Top of Available data

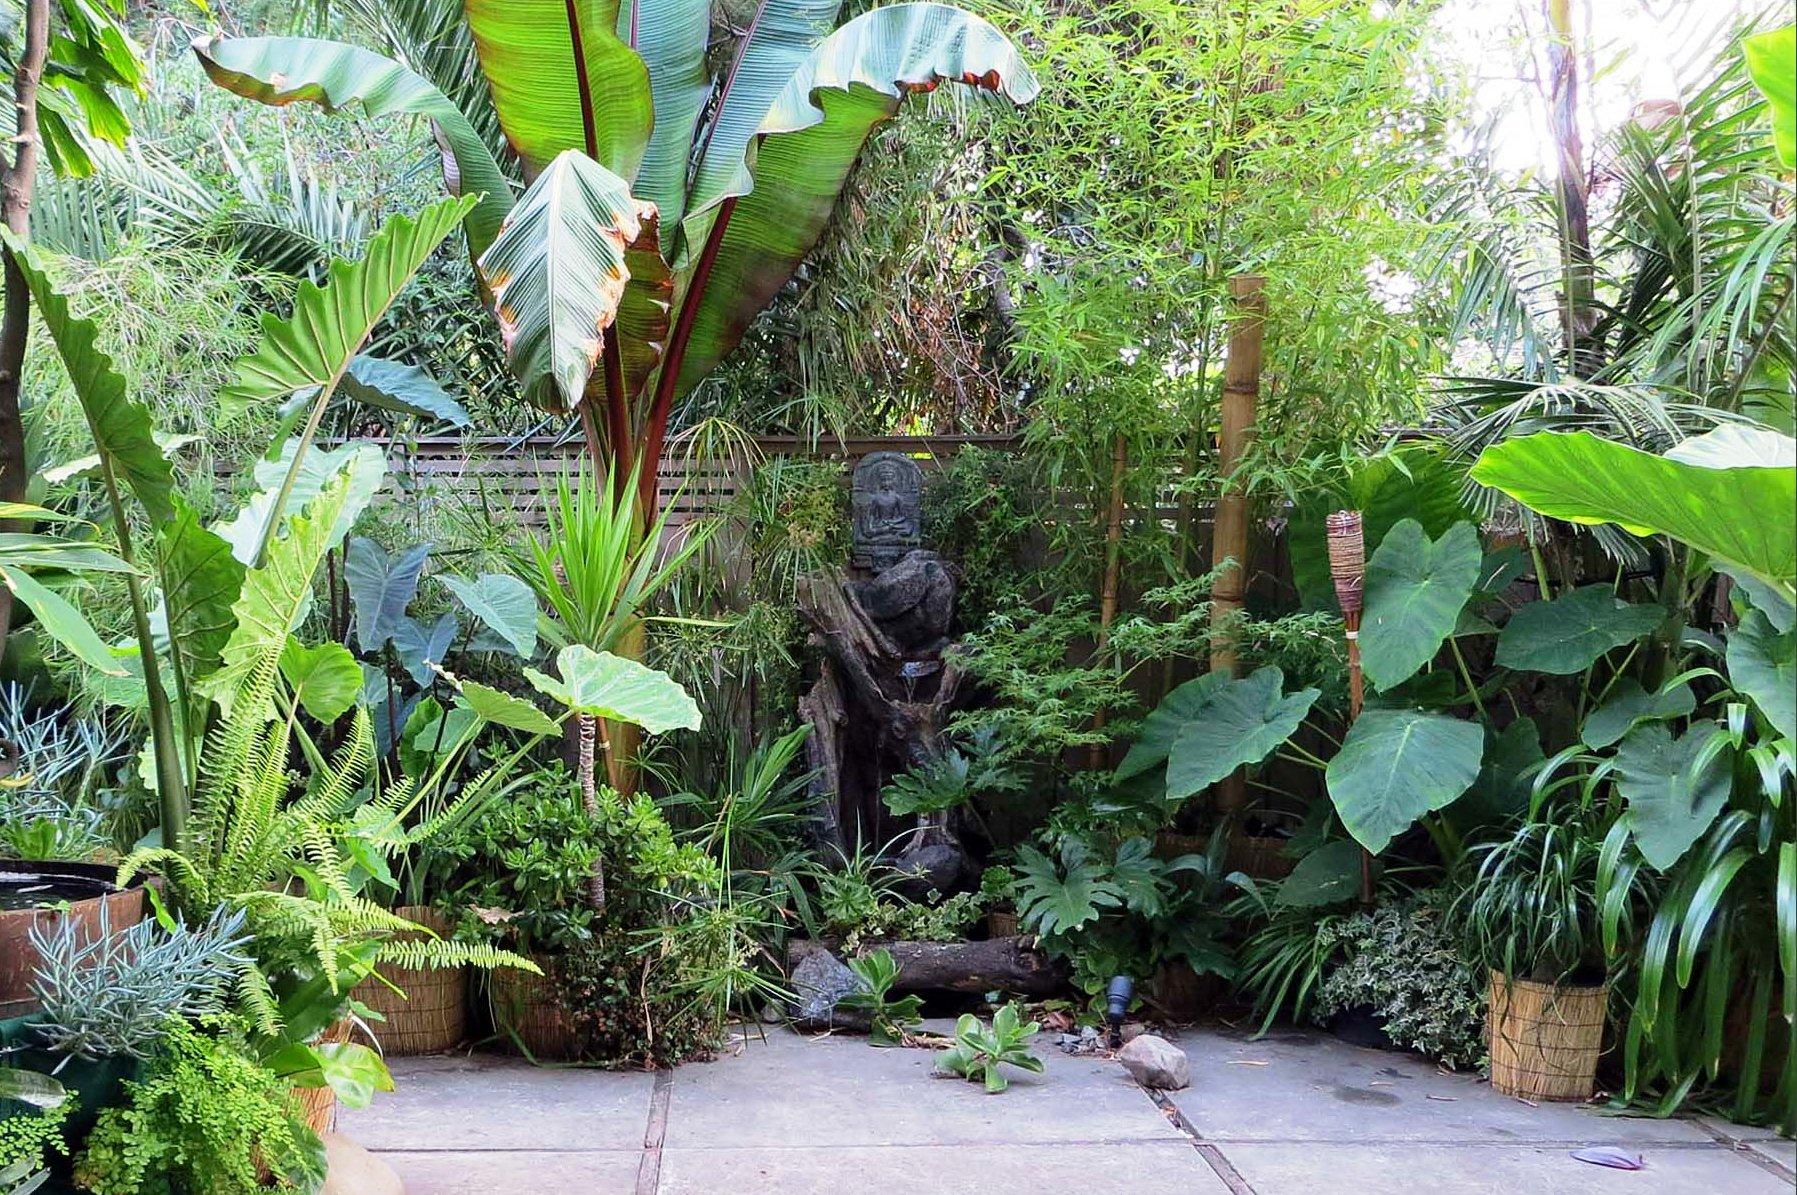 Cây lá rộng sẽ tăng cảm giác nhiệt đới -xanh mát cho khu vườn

Bottom of Available data
Top of Available data

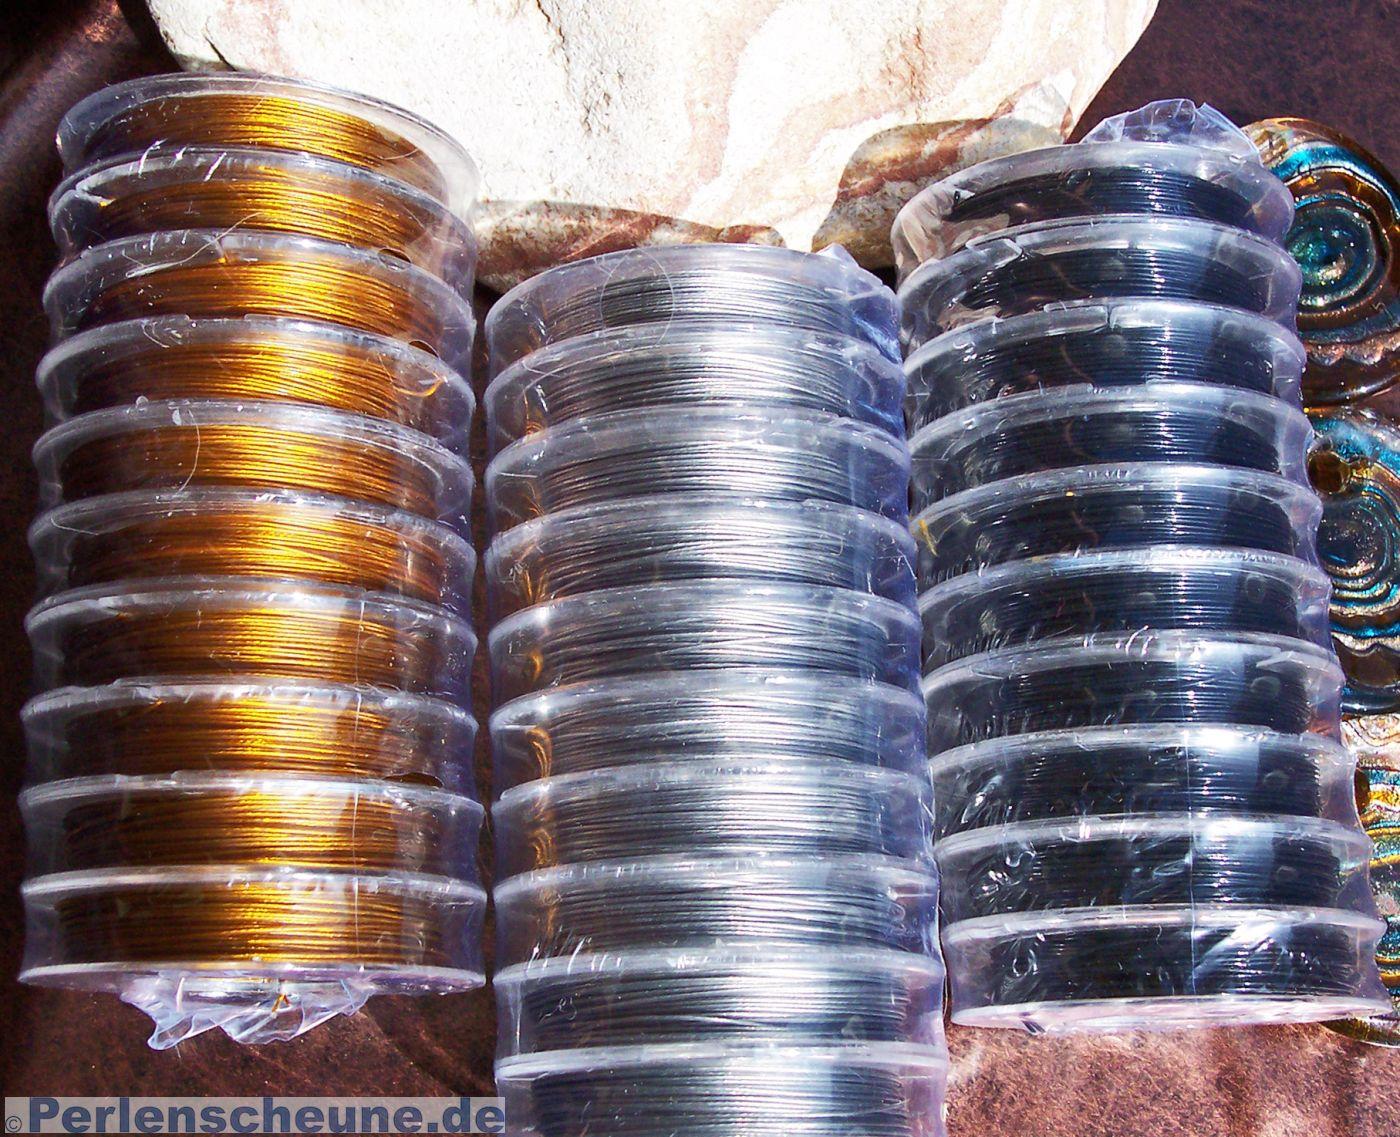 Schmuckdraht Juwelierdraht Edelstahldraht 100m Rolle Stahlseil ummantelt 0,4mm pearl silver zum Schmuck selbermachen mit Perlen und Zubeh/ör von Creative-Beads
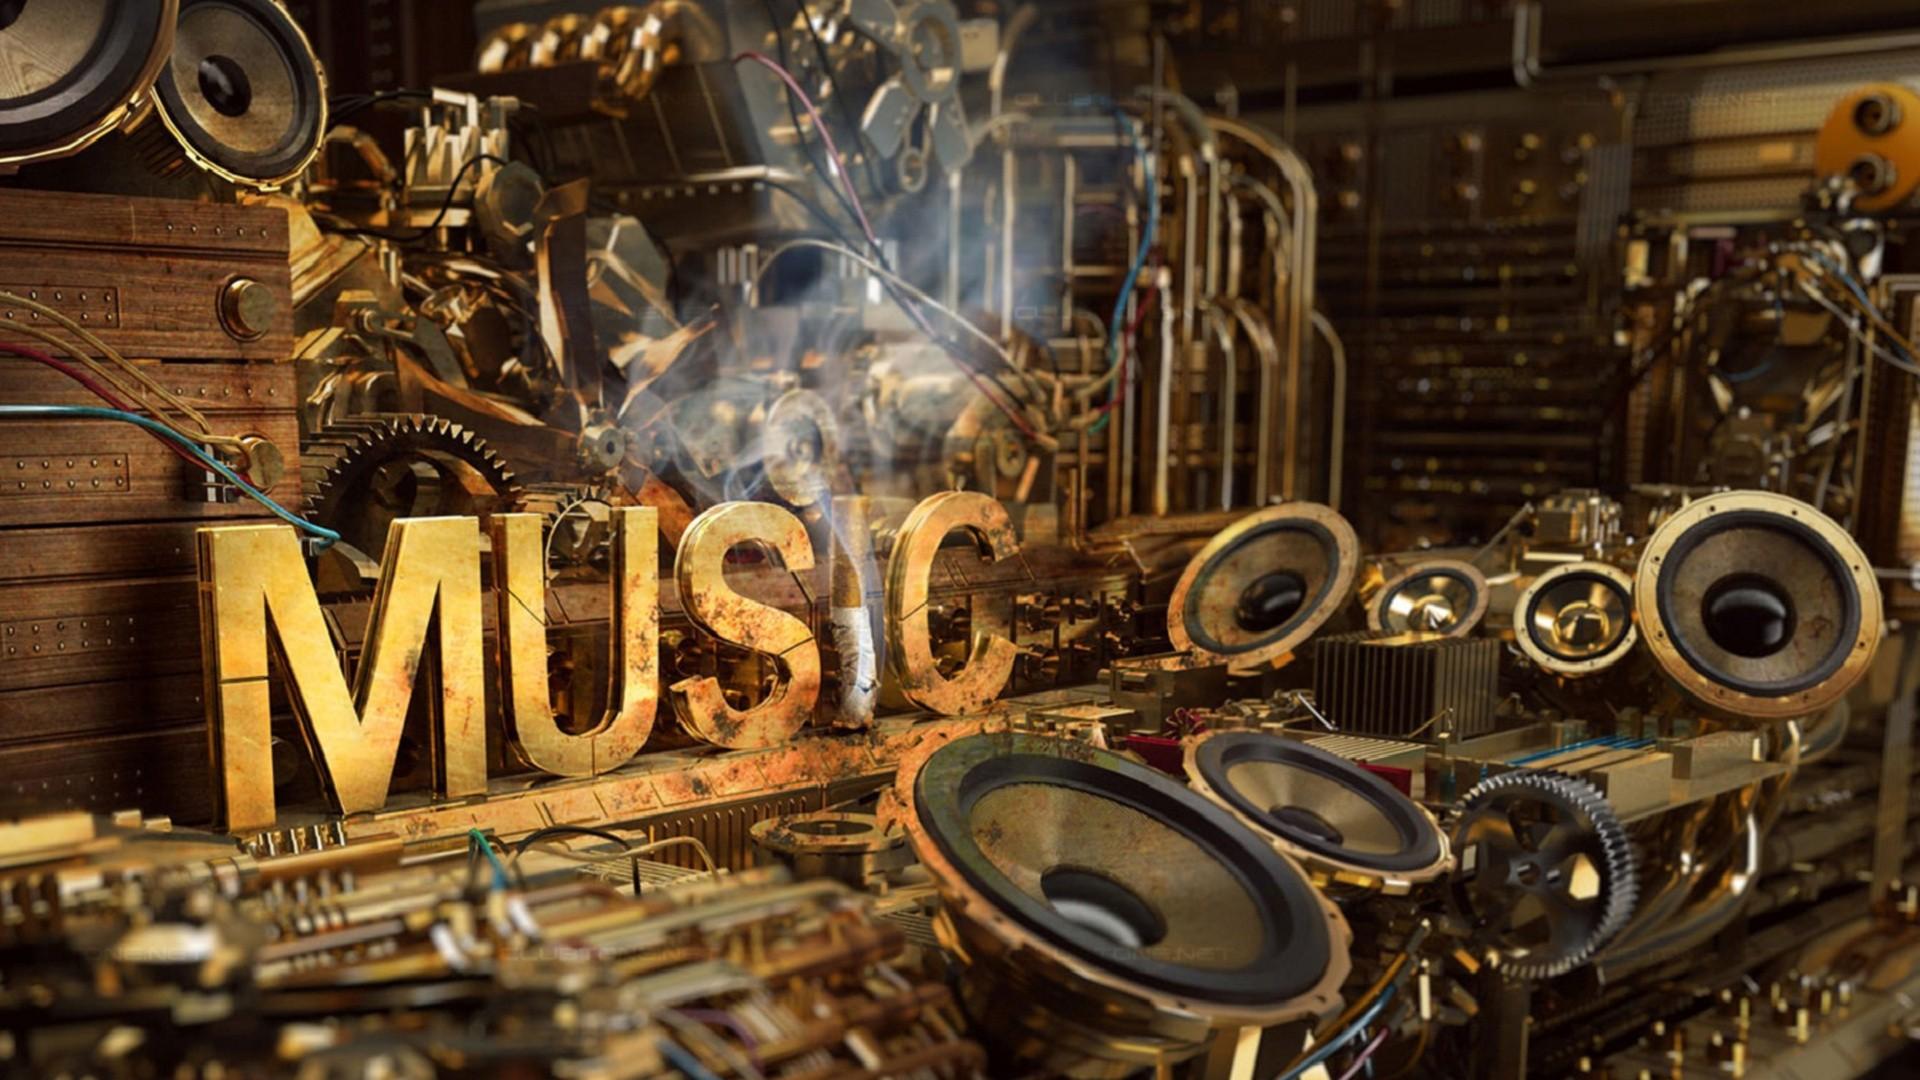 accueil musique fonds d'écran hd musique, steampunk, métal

Bottom of Available data

The problem
Start at the line containing "Schmuckdraht Juwelierdraht Edelstahldraht" above and stop at the line containing "accueil musique fonds". Output those lines exactly, both included, but none of the pictures.

Finished exercise
 Schmuckdraht Juwelierdraht Edelstahldraht 100m Rolle Stahlseil ummantelt 0,4mm pearl silver zum Schmuck selbermachen mit Perlen und Zubeh/ör von Creative-Beads
 accueil musique fonds d'écran hd musique, steampunk, métal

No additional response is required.